UK’s Kwarteng scraps tax cut after market meltdown
‘We get it, we have listened,’ Kwarteng said.
BY ESTHER WEBBER, ELENI COUREA AND TIM ROSS
U.K. Chancellor Kwasi Kwarteng has junked his plan to cut taxes for high earners after a backlash from financial markets and Conservative Party colleagues that plunged his country into economic crisis.
"We get it, and we have listened," Kwarteng said as he announced the dramatic U-turn on Twitter on Monday.
A cut in the top rate of tax from 45p to 40p in the pound was the major surprise in his and Prime Minister Liz Truss' mini-budget announcement last month, which went dramatically awry.
The boon for people earning over £150,000 a year had been widely criticized as unfair and tone-deaf at a time of rising living costs.
The measure became “a distraction from our overriding mission to tackle the challenges facing our country," Kwarteng admitted in his statement Monday morning.
Kwarteng told BBC Breakfast the 45p measure was "drowning out a strong package" which also included support for energy bills and a host of other tax cuts.
Asked if he had considered resigning, he said: "Not at all."
The scale of opposition from Kwarteng's Conservative colleagues had threatened his ability to deliver the policy at all as the pound tanked and government borrowing costs soared, forcing the Bank of England to intervene to prevent U.K. pension funds collapsing. A rebellion was brewing among Tory MPs, with even senior figures such as ex-Cabinet minister Michael Gove denouncing the move.
By Sunday night more than a dozen Tory rebels had gone public with their concerns, casting doubt on whether the government could pass the tax cut into law.
Writing for the Times, former Transport Secretary Grant Shapps called it a “politically tin-eared cut, not even a huge revenue raiser and hardly a priority on the prime ministerial to-do list” which has “managed to alienate almost everyone.”
Truss herself had stuck by the plans in a Sunday morning interview with the BBC, while party chiefs made a point of talking tough throughout the day. Conservative chairman Jake Berry suggested the mini-budget would be treated as a confidence vote in Parliament, meaning MPs who did not back it could lose the whip and so potentially their jobs at the next election.
This prompted defiance in some quarters, with backbench MP Maria Caulfield tweeting that if they “don’t want this working class MP, fair enough.”
Hasty crisis talks ensued with angry rebels, and the volte face was agreed so late on Sunday evening that many MPs only learned of it by reading press reports Monday morning — in many cases after having spent the previous week trying to defend the policy to others.

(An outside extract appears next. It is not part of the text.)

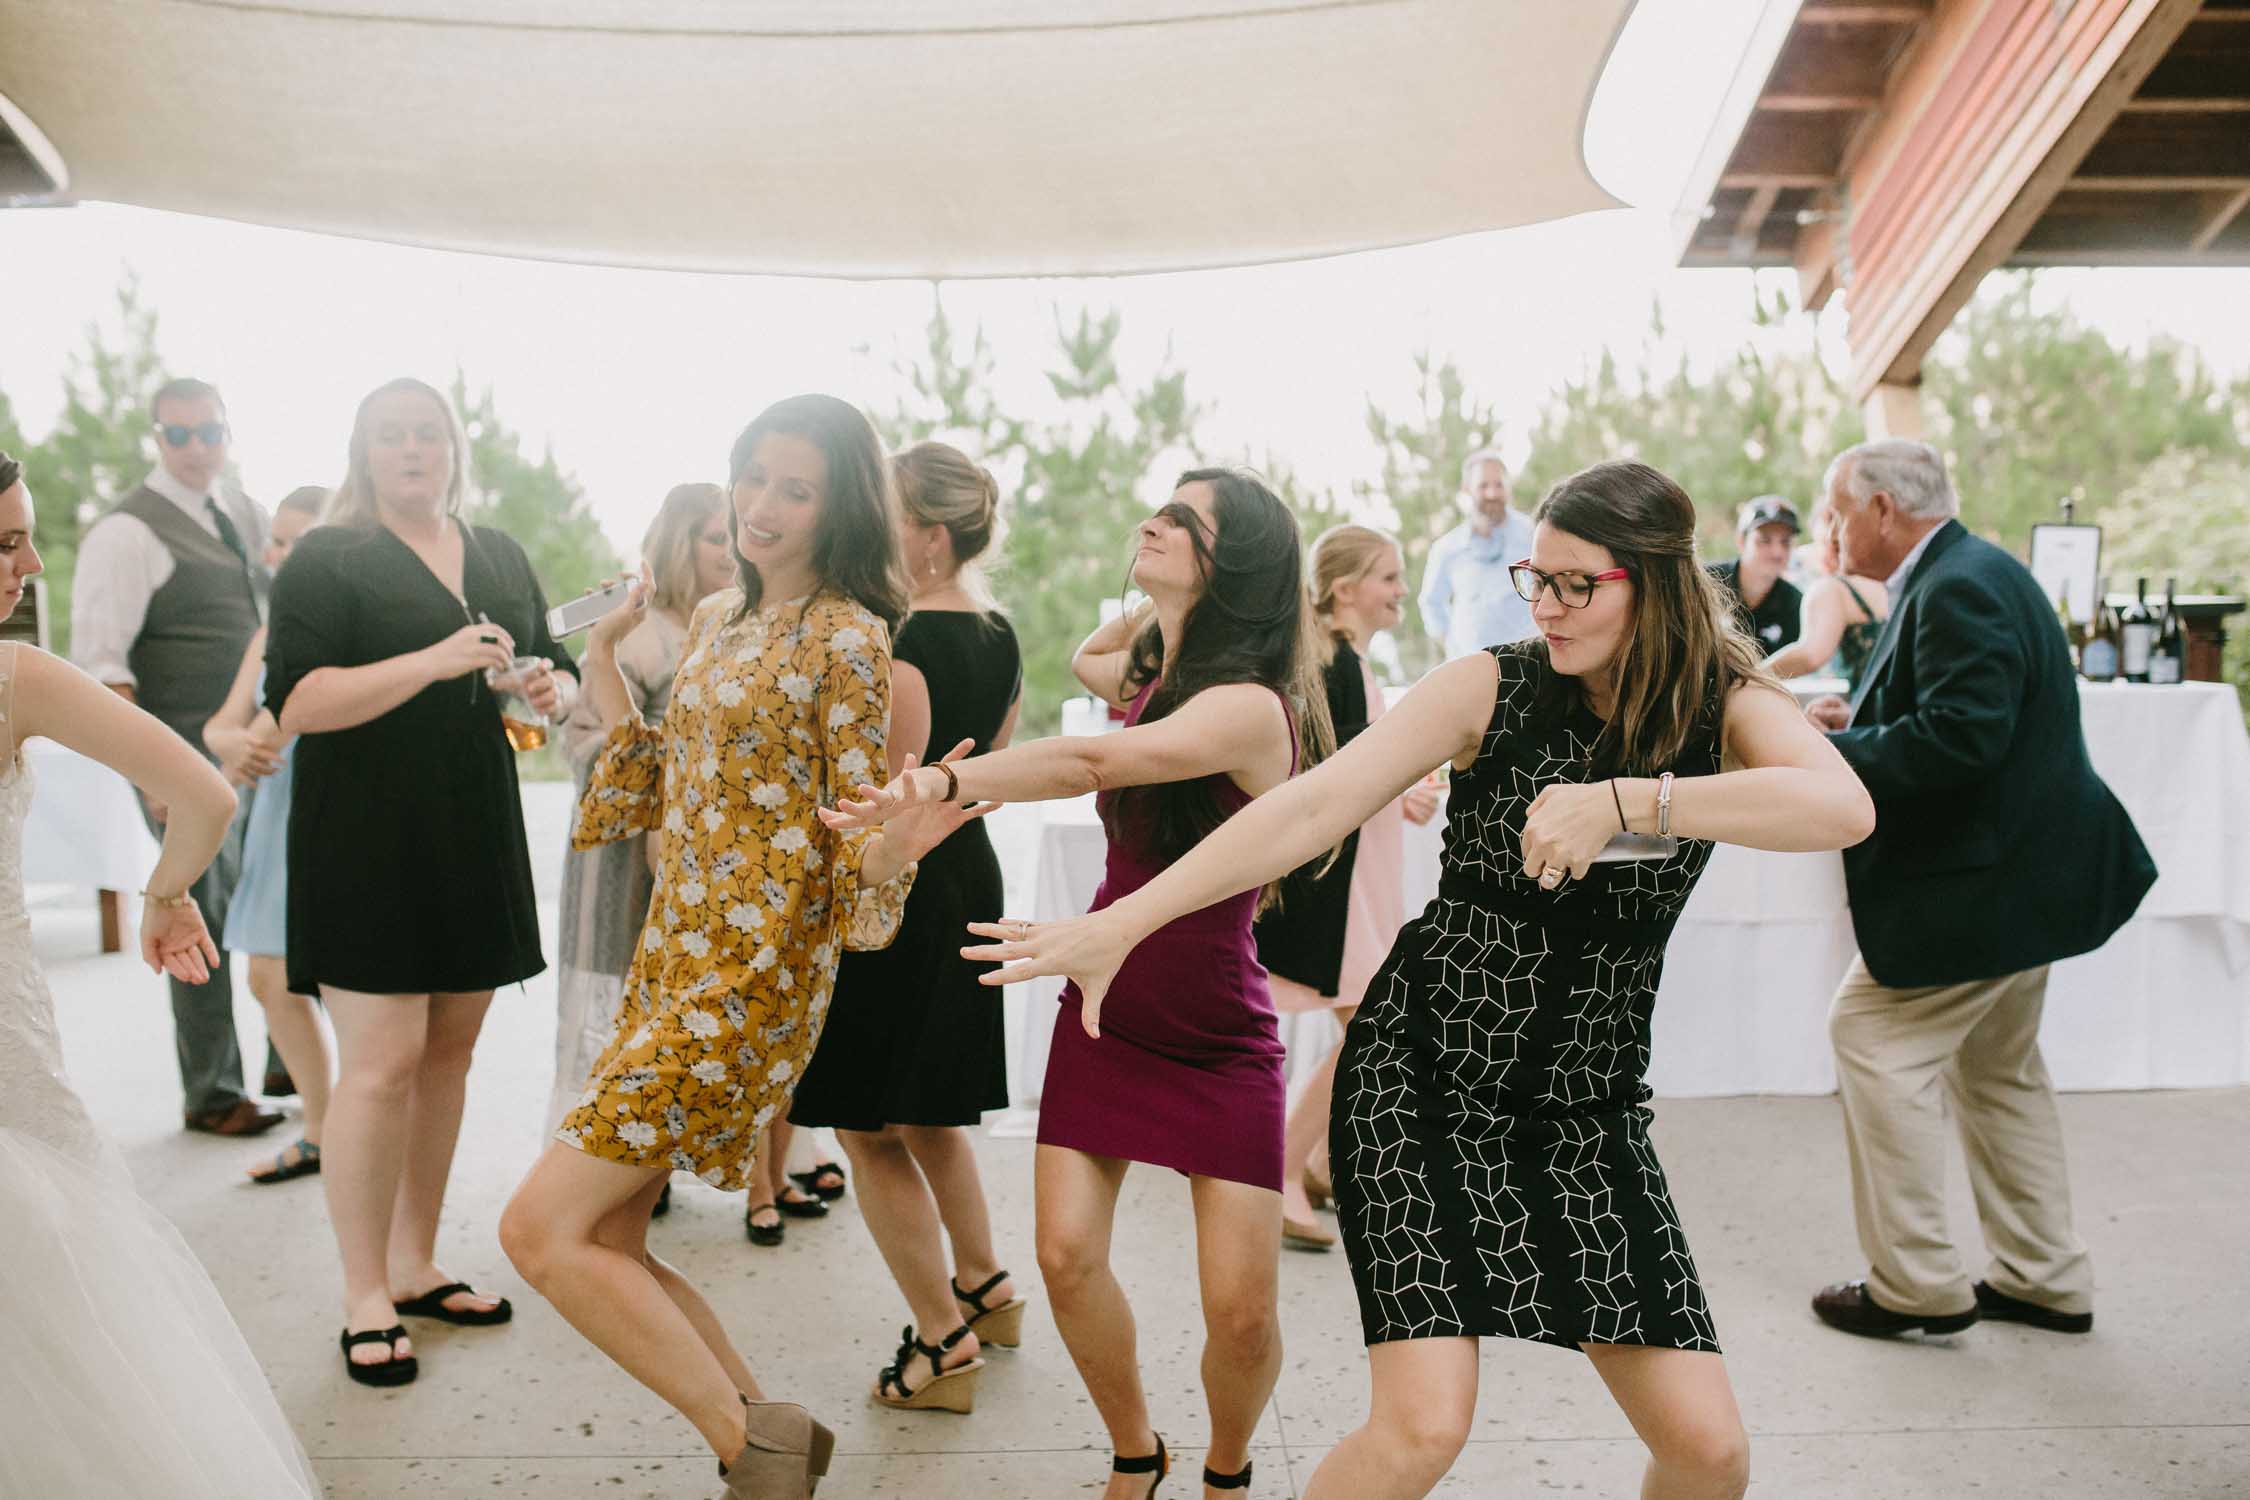 Women dancing on the dance floor at an outdoor wedding.

The move comes on the second day of the Conservative conference in Birmingham, traditionally a time for the party to come together in a show of unity. Kwarteng is set to address party activists Monday afternoon, and Truss will give her keynote speech Wednesday.
The pound jumped on news of the U-turn, rising by more than a cent against the dollar to $1.1263, before falling back. Traders began to downrate the chances of reaching interest rates of 6 percent next year.
However, it is not clear yet whether Kwarteng's retreat will salvage his own career, or the credibility of his boss, Truss, who is facing disastrous poll ratings after being prime minister for just a month.
One Conservative minister highlighted the danger for Truss ahead of her climbdown, saying that to backtrack could make her “look weak — in office, but not in power.”
Labour’s shadow chancellor, Rachel Reeves, claimed the Conservatives had already “destroyed” their economic credibility, and warned the change in tack “comes too late for the families who will pay higher mortgages and higher prices for years to come.”